Many people use objects as Bags of data. They put in some data and they take out some data. Perl’s blessed hashes are essentially that idea. But that’s not the point of objects, which have behavior. Interesting objects have behavior that is more interesting than simply representing the existing data in some new way.

There a few other things that you want to know when you get and give data:

  • Are these data valid?
  • Are they valid for this context?
  • Does anything else need to change when this changes?

The setter method isn’t there to primarily to store the data. It’s the traffic cop that ensures you are following the rules and what you are doing makes sense. If it makes sense, the inner working continues, and otherwise the traffic cop complains. That’s the primary job of the setter.

Many people think types solve this problem, and I guess that collection of very specific types (DateOlderThan21Years) can do that, but then you have an infinite number of types and all of the complexity you think you are saving goes into the type system. For example, “Int” is often a type, but most of the time you use an integer, not all integers are valid values.

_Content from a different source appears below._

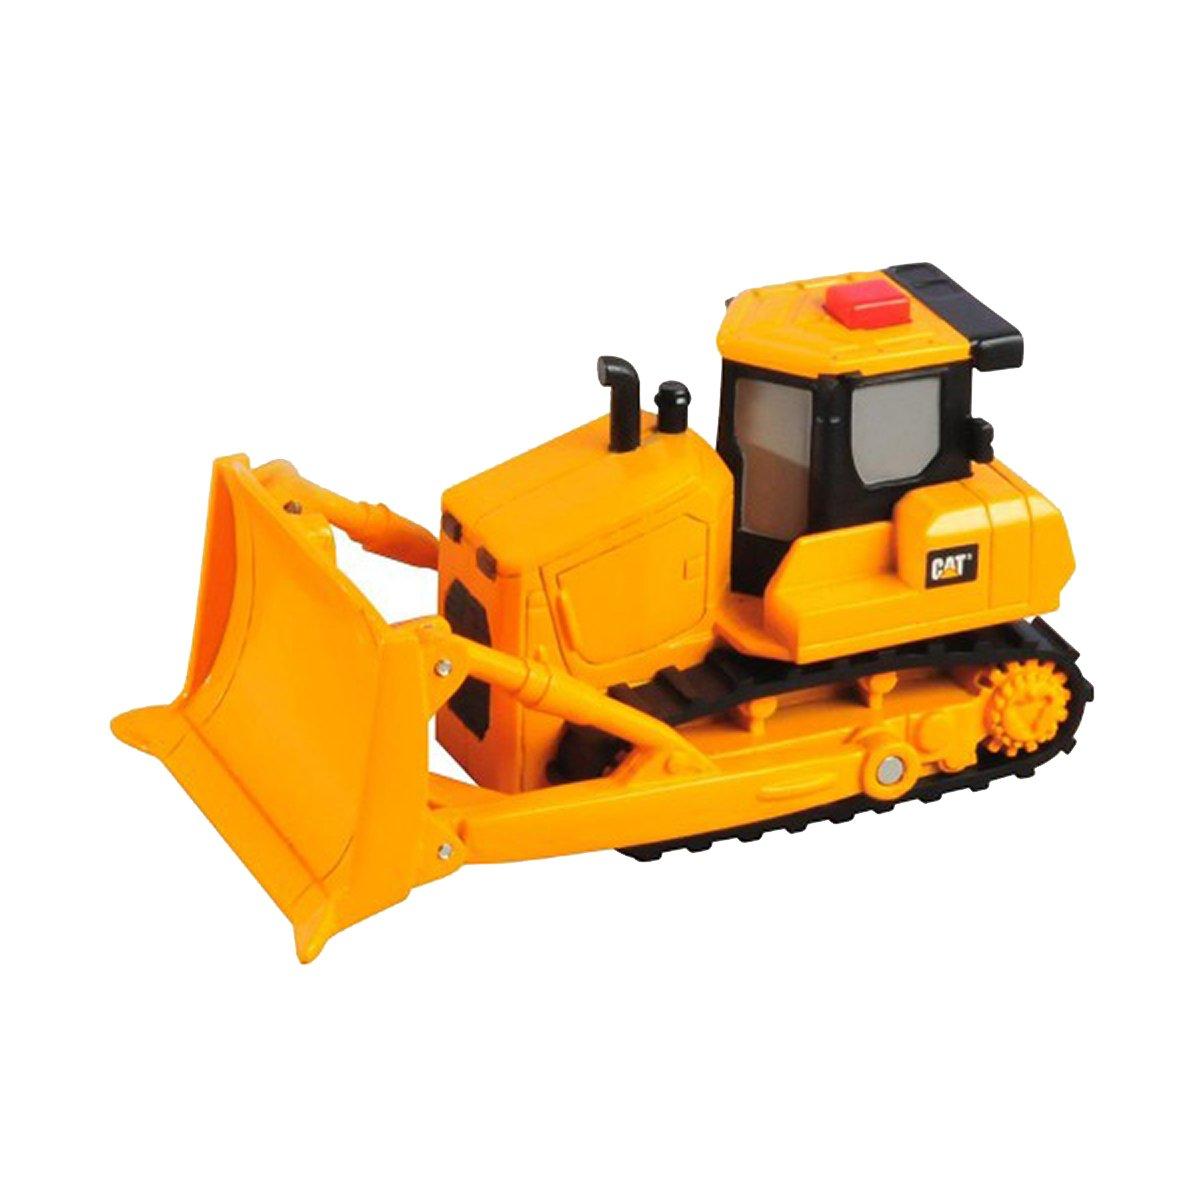 buldozer toy state cat flash rides

You still have to check that the value is valid. Once you have to do that, the attractiveness of syntax shortcuts quickly disappears because you have to bring back all the complexity of the thing you are trying to replace.

And, it’s not as simple as checking one value. With encapsulation, the object may need to update several things in the object. Object frameworks typically punt on these sorts of issues because the coordination isn’t something they can easily force of a task when they don’t even know the object represents. The tangled web in Moose or Cor isn’t going to be better than subroutines.